▶ Supplied data
::::

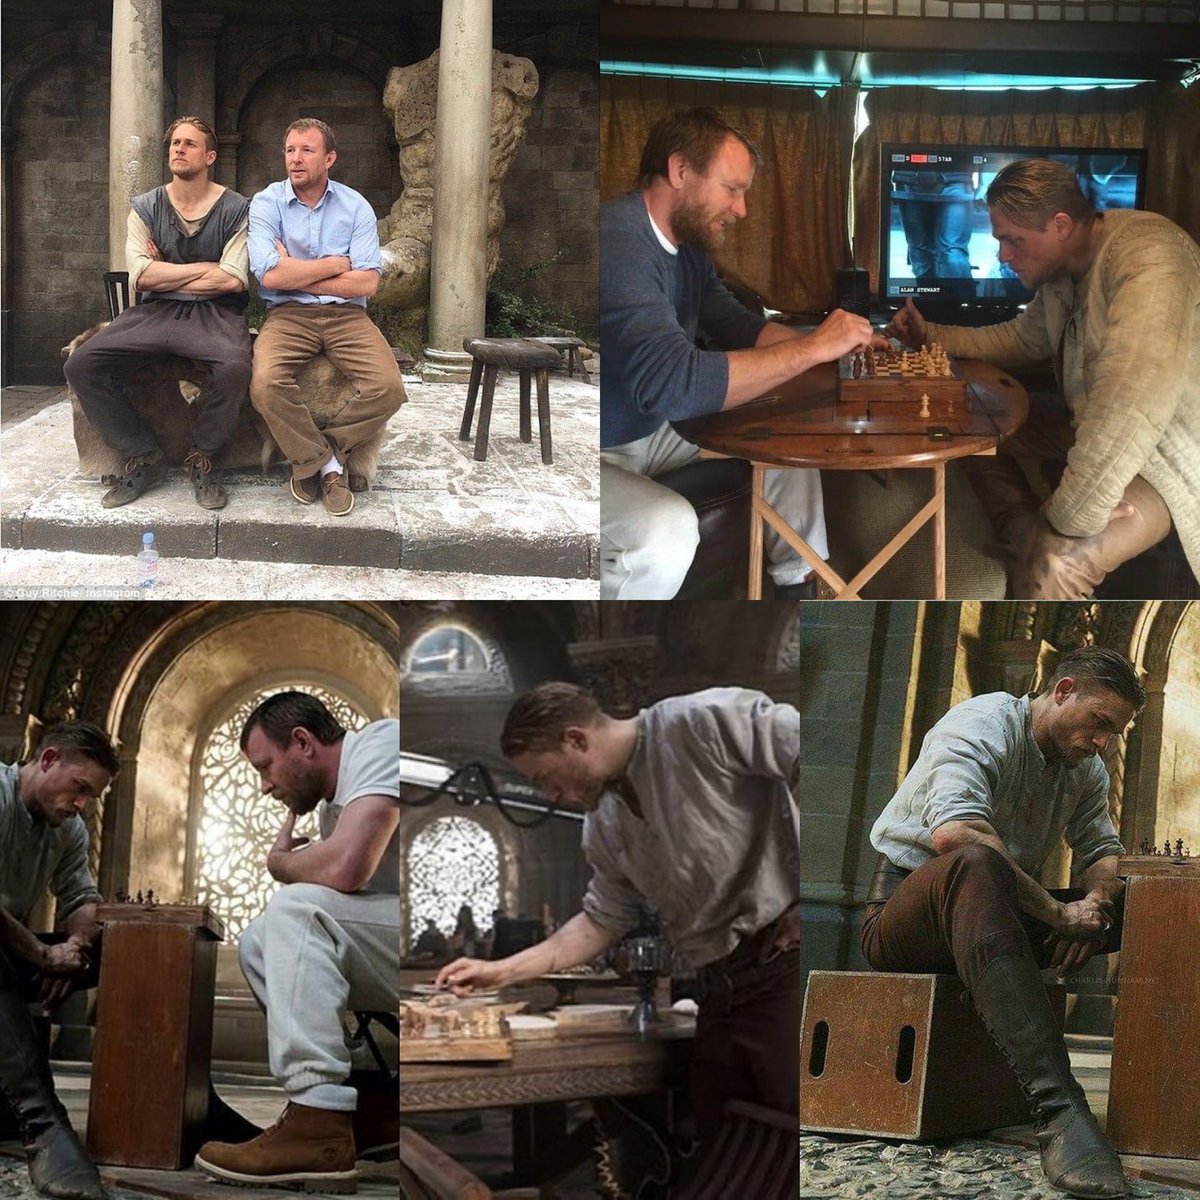 BTS #KingArthur #May2017releasedate #CharlieHunnam #GuyRitchie 
#passingthetime #deepinthought #onset #chessgames #funwiththeboss
#ambitiousendeavor #sexiestmanalive #beautifulman 👑🗡️

::::

Without including any image, reproduce the full listing above as written.

 BTS #KingArthur #May2017releasedate #CharlieHunnam #GuyRitchie 
#passingthetime #deepinthought #onset #chessgames #funwiththeboss
#ambitiousendeavor #sexiestmanalive #beautifulman 👑🗡️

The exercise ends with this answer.